• _Assigned task_:
Once the pictures are set aside, transcribe each line of the listing exactly.

• _Dataset excerpt_:
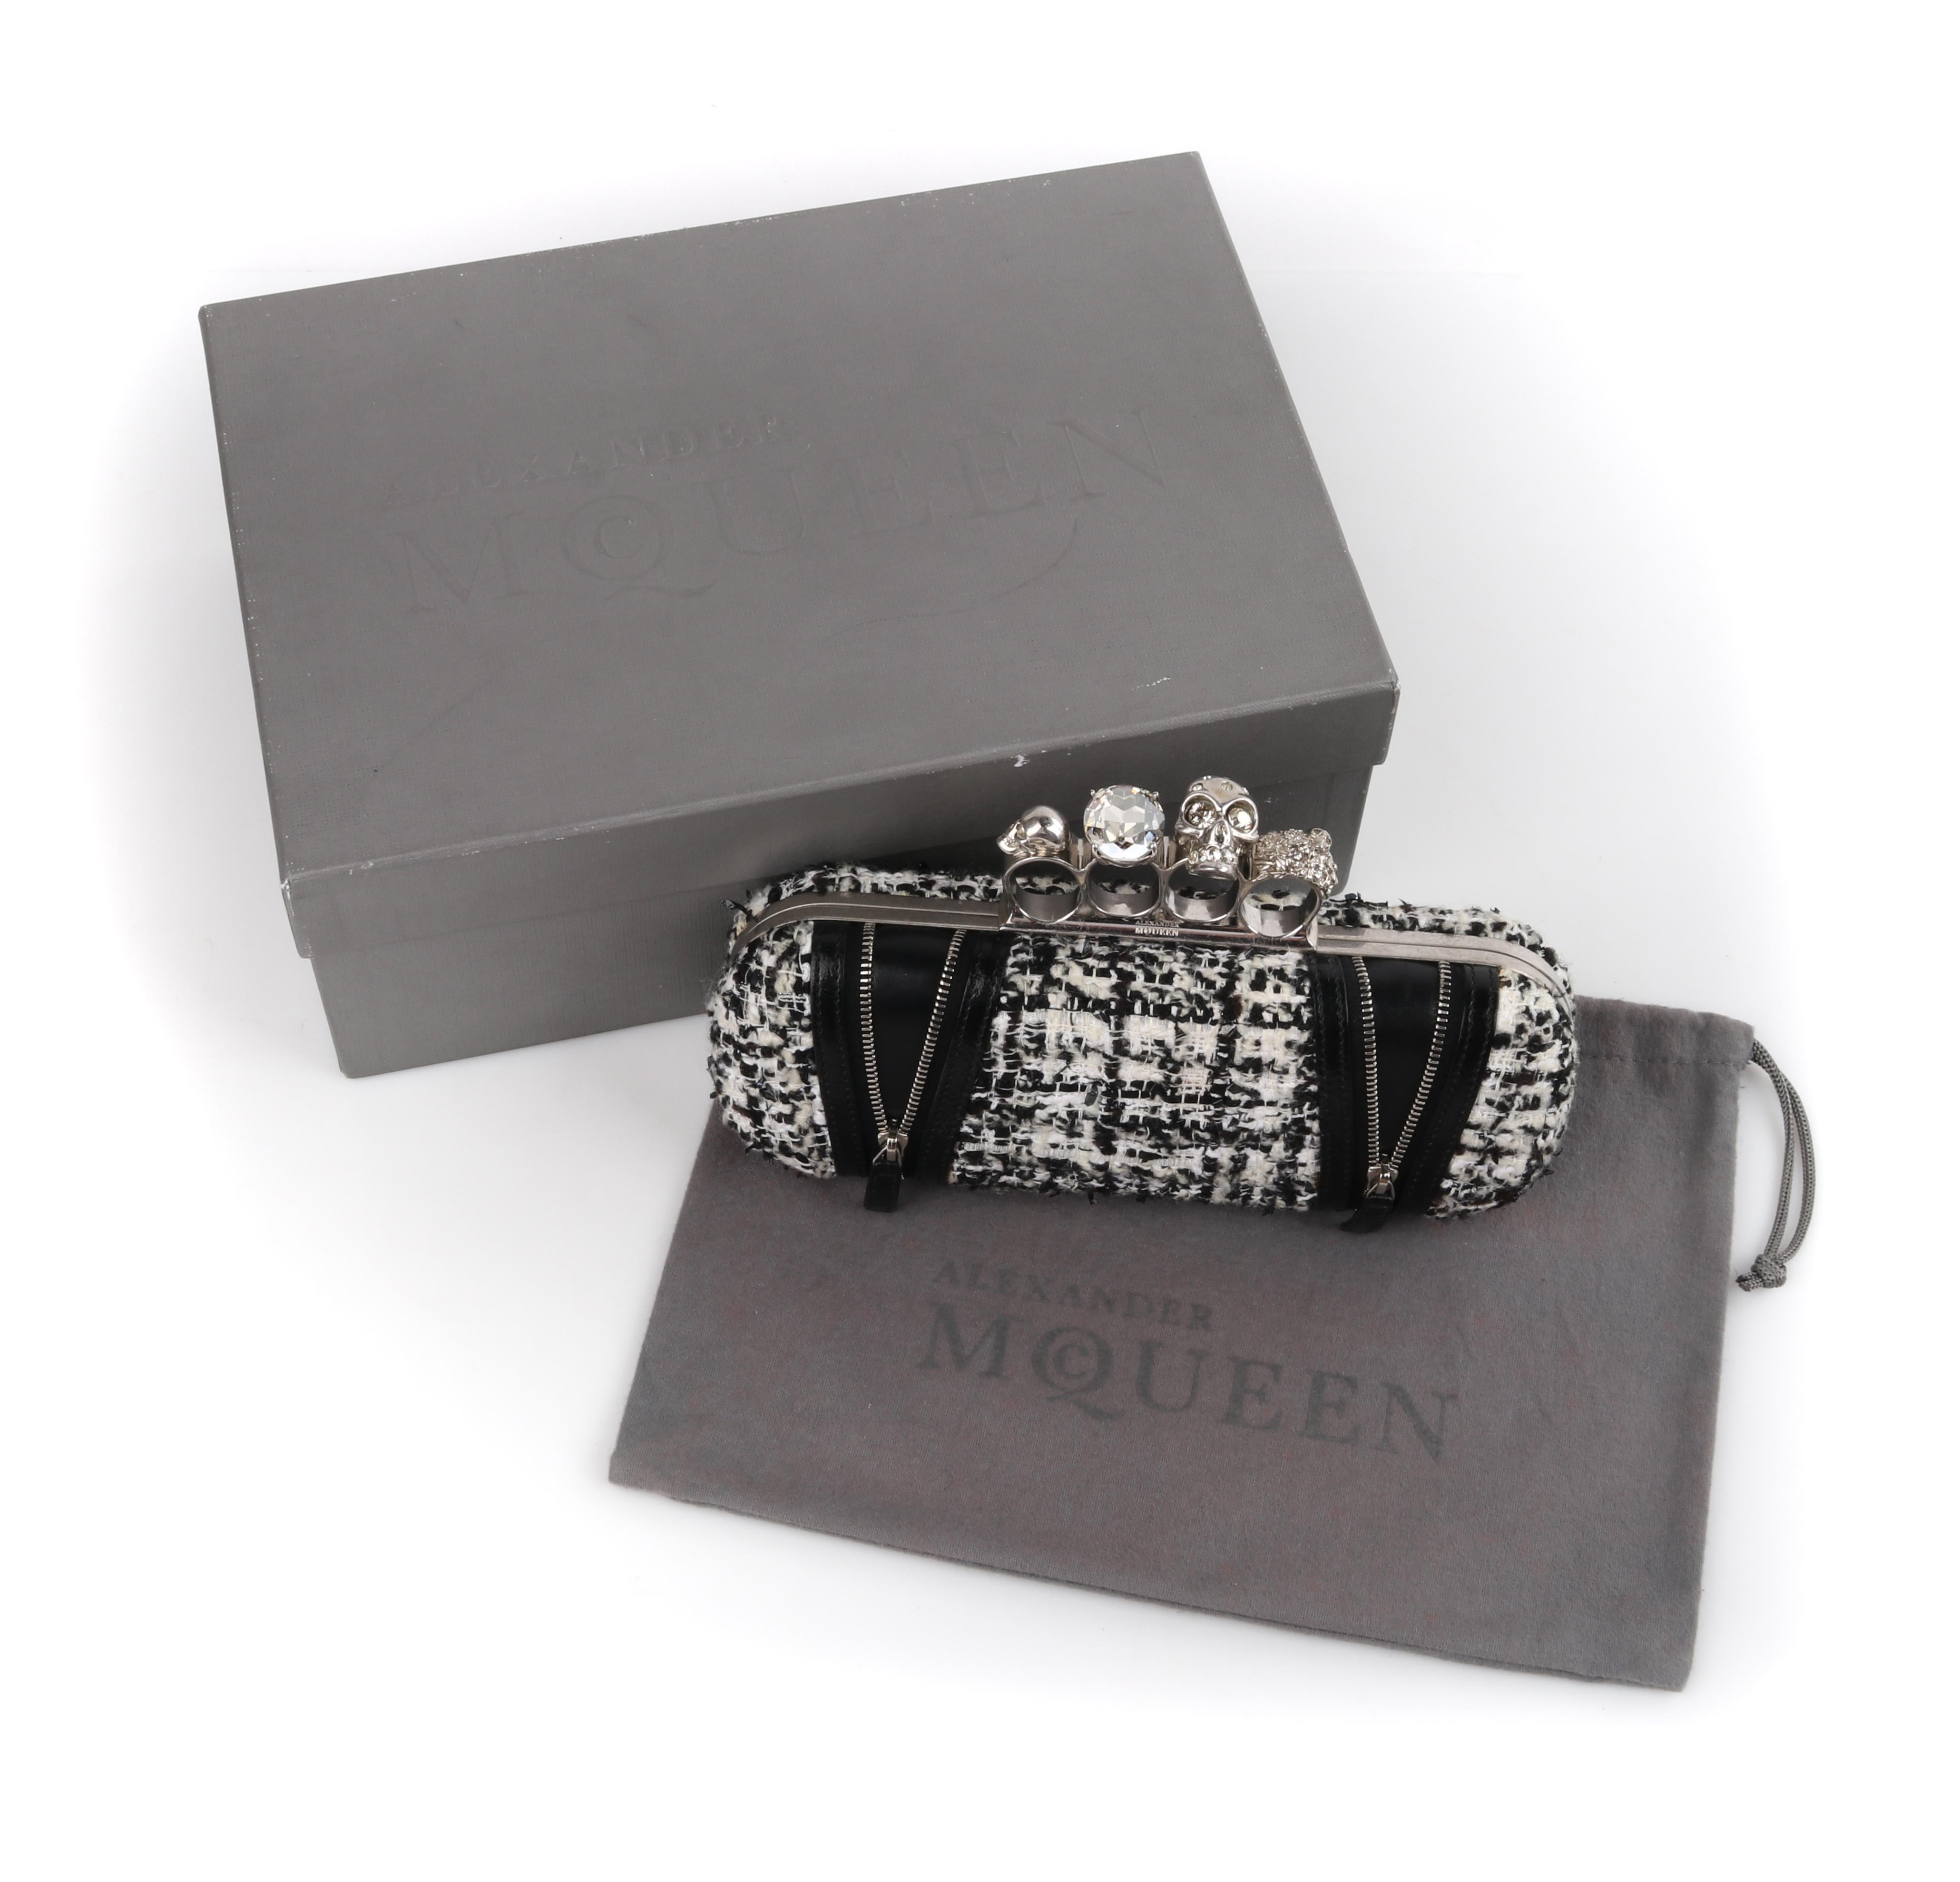 knuckle duster clutch bag
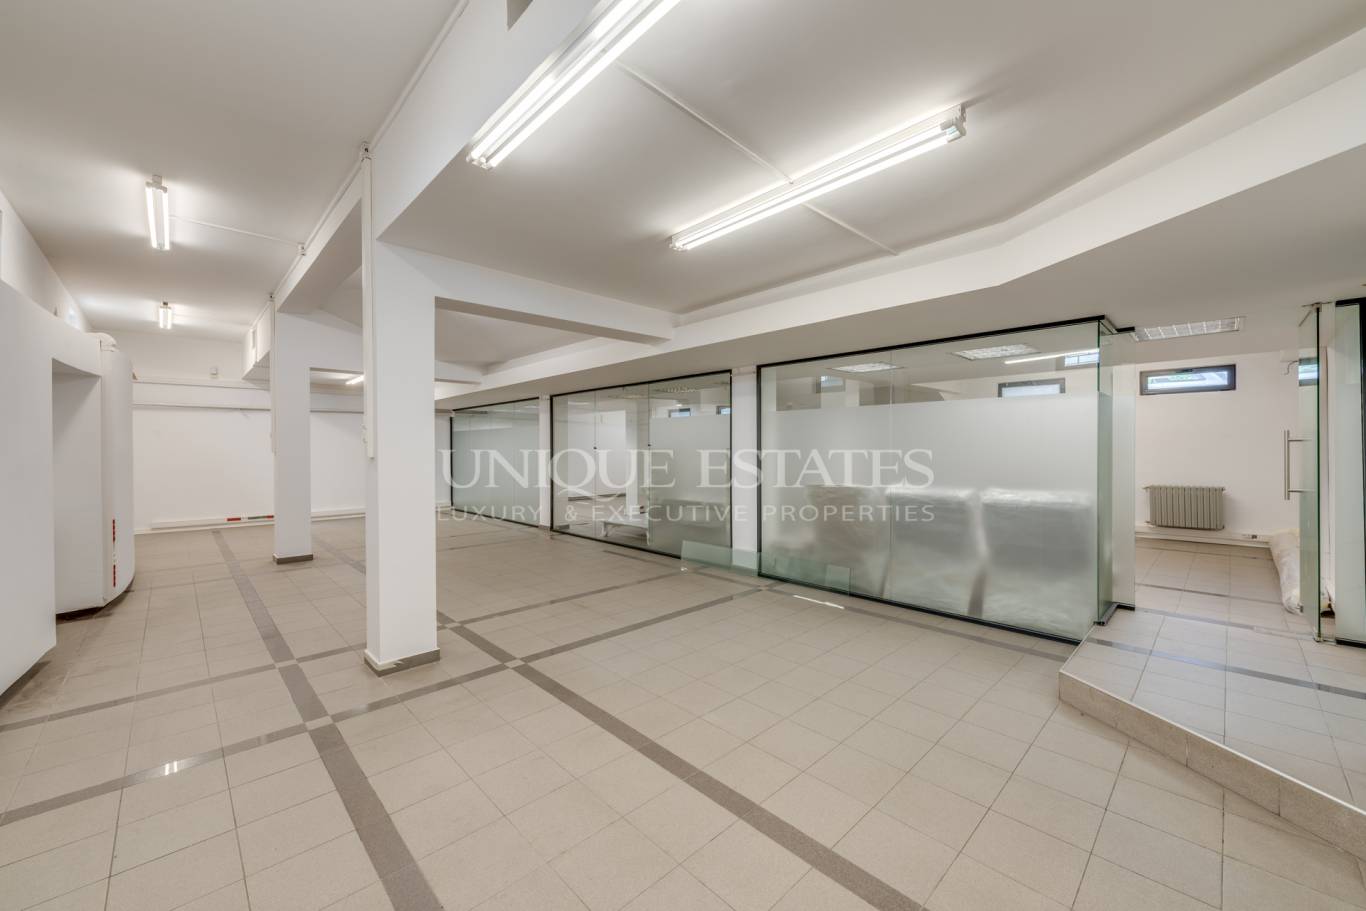 Office for rent in Sofia, Drujba 2 with listing ID: K13284 - image 6
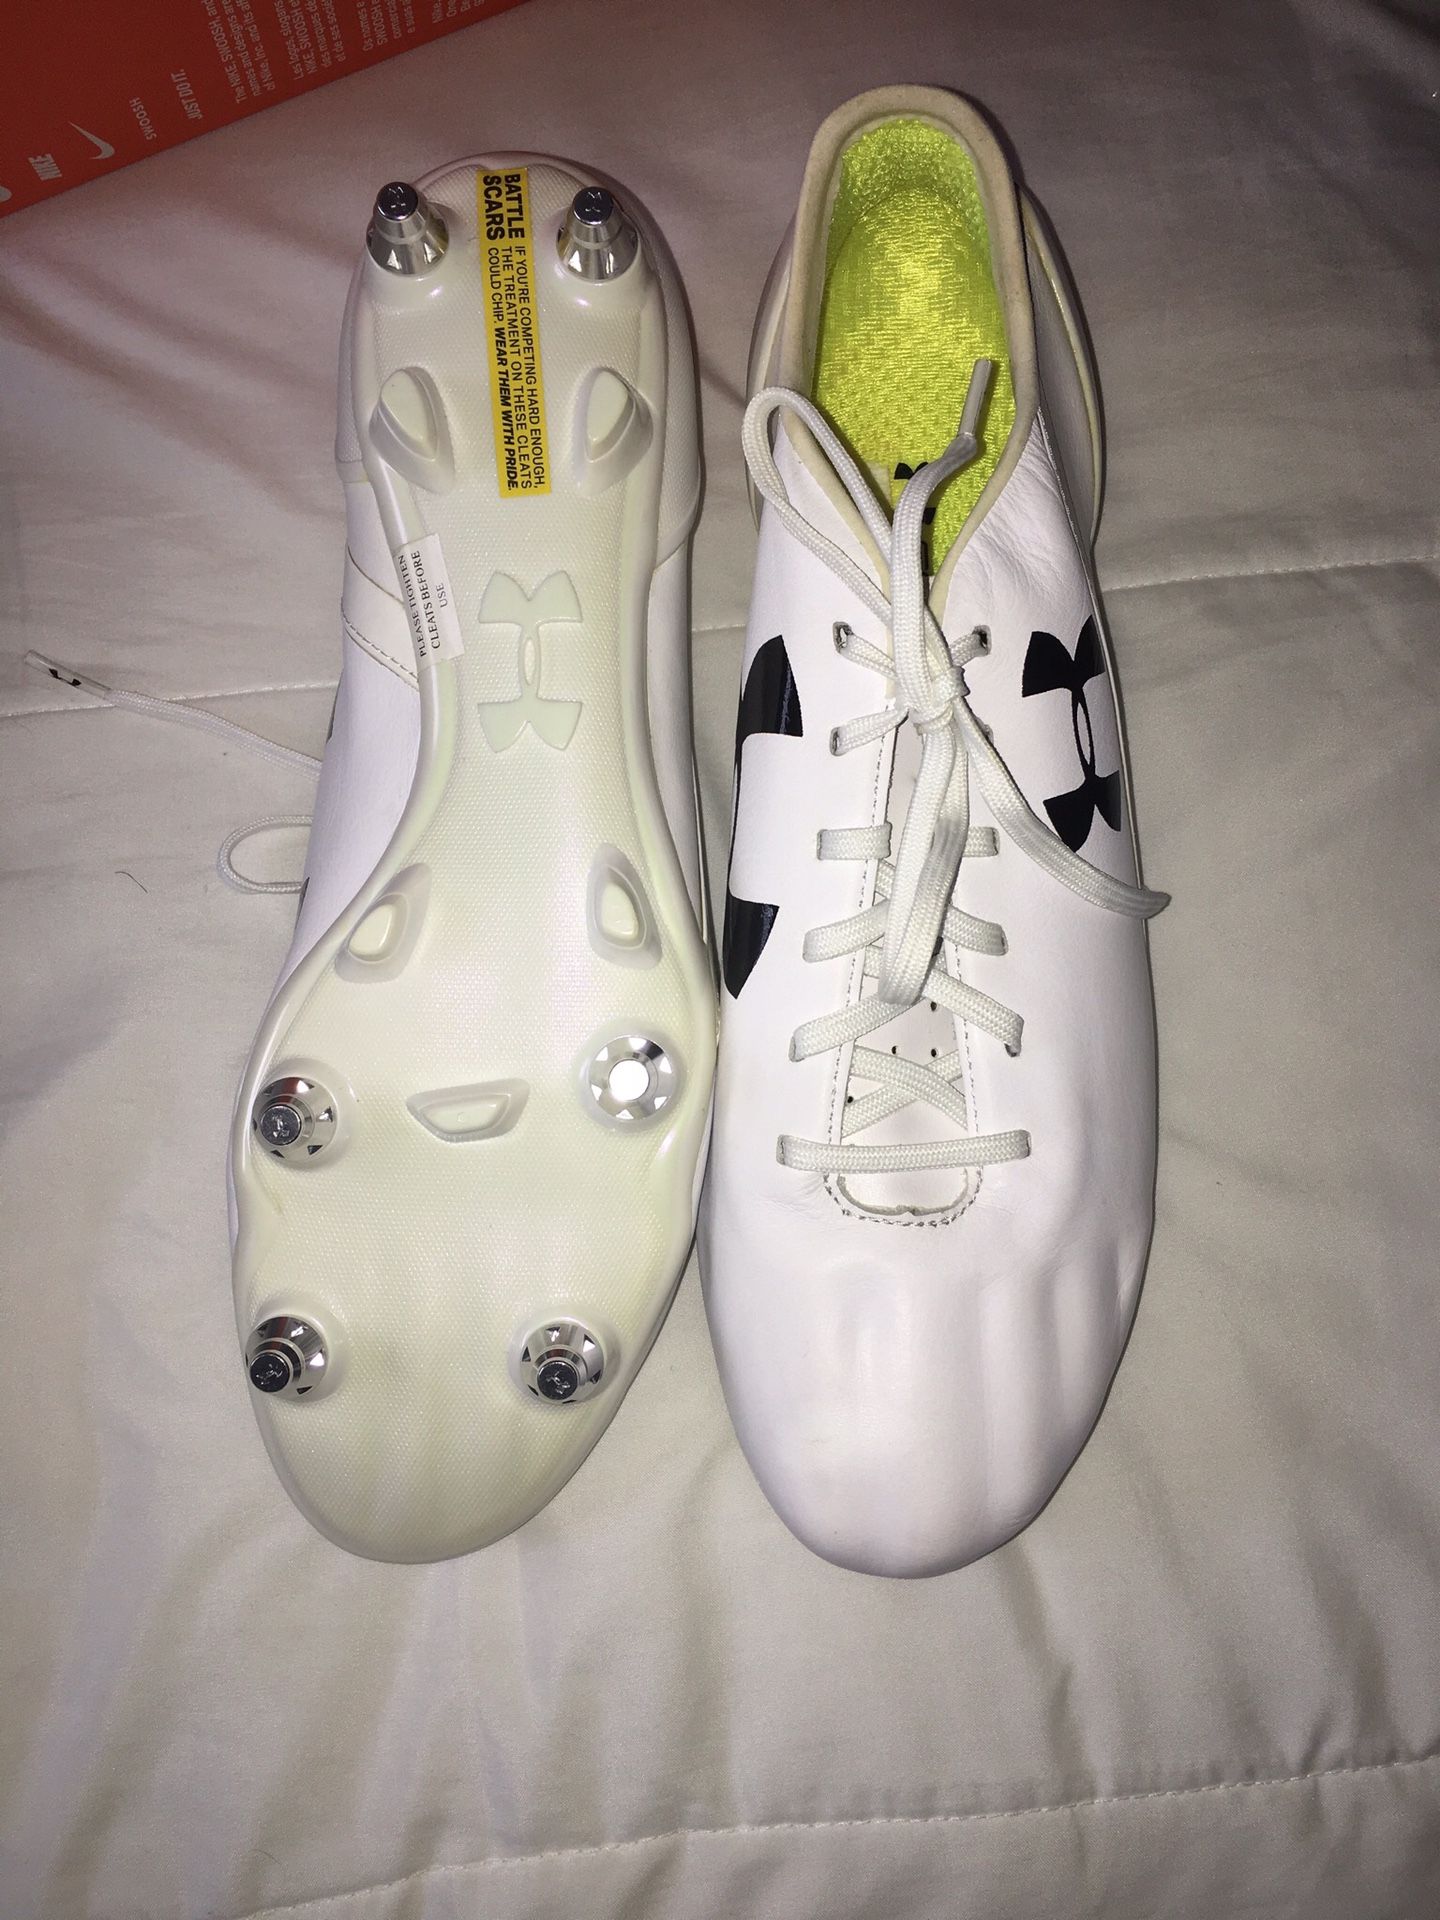 Under armor soccer cleats
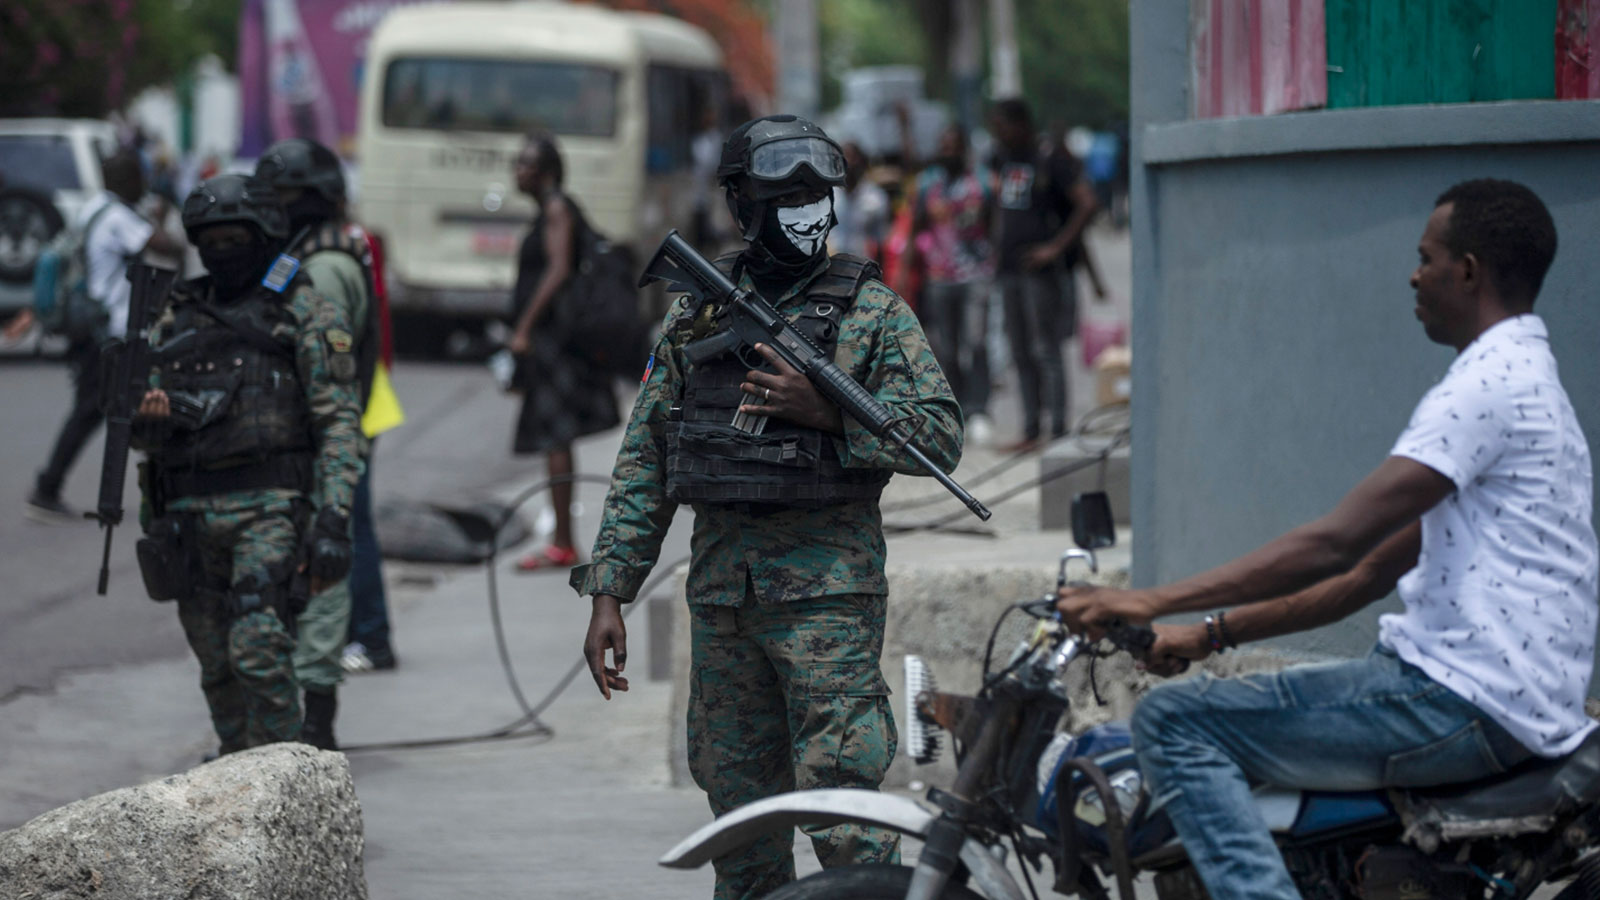 Thousands trapped as gangs battle for control in Port-au-Prince

• _Finished task_:
 knuckle duster clutch bag
 Office for rent in Sofia, Drujba 2 with listing ID: K13284 - image 6
 Under armor soccer cleats
 Thousands trapped as gangs battle for control in Port-au-Prince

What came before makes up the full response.